AtomicExpandPass can now lower atomic load, atomic store, atomicrmw, and
cmpxchg instructions to __atomic_* library calls, when the target
doesn't support atomics of a given size.

This is the first step towards moving all atomic lowering from clang
into llvm. When all is done, the behavior of __sync_* builtins,
__atomic_* builtins, and C11 atomics will be unified.
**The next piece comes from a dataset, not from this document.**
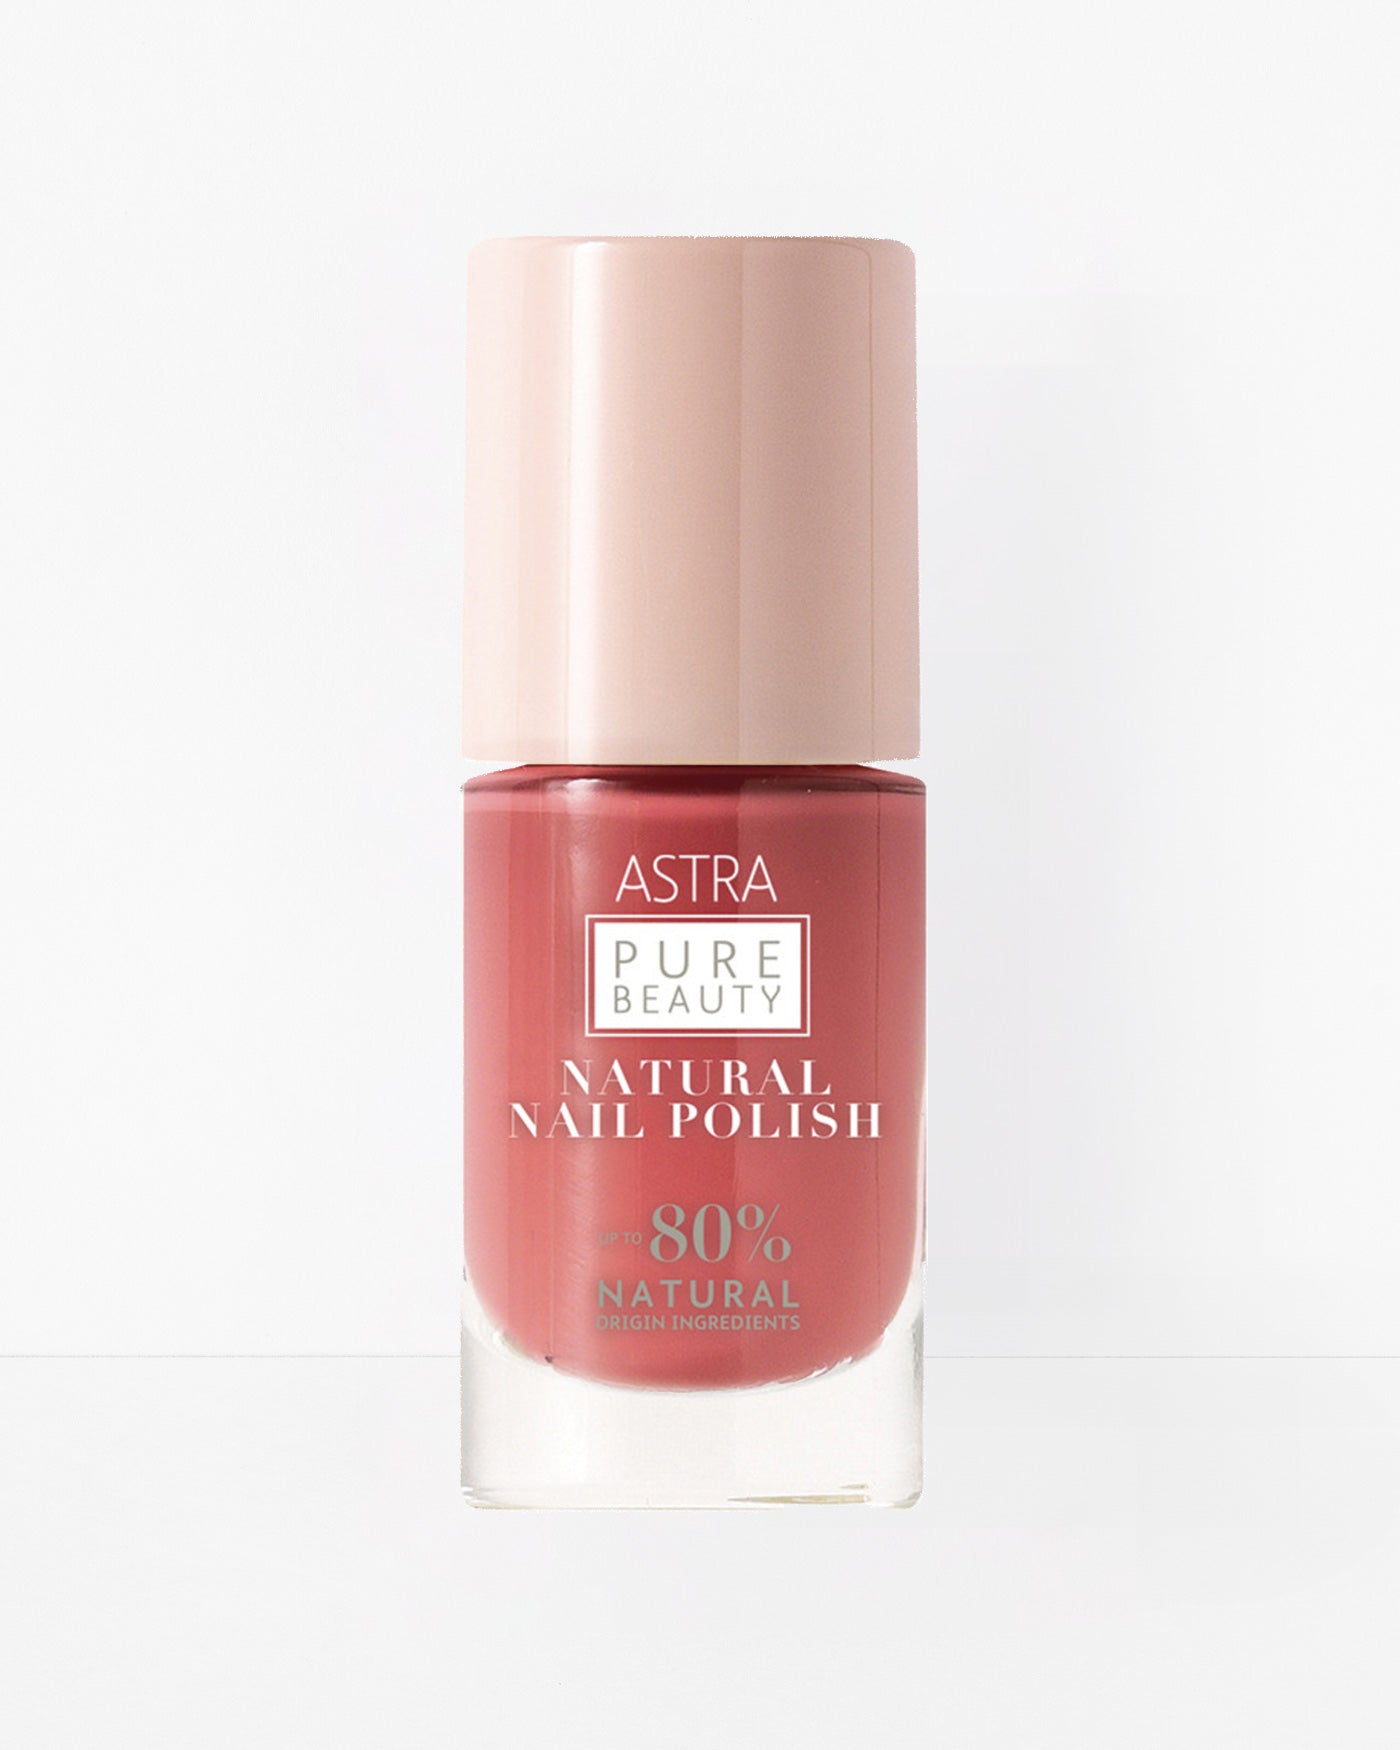 PURE BEAUTY NAIL POLISH - Smalto Unghie Naturale - 09 - Ibiscus - Astra Make-Up

Previously LLVM would pass everything through to the ISelLowering
code. There, unsupported atomic instructions would turn into __sync_*
library calls. Because of that behavior, Clang currently avoids emitting
llvm IR atomic instructions when this would happen, and emits __atomic_*
library functions itself, in the frontend.

This change makes LLVM able to emit __atomic_* libcalls, and thus will
eventually allow clang to depend on LLVM to do the right thing.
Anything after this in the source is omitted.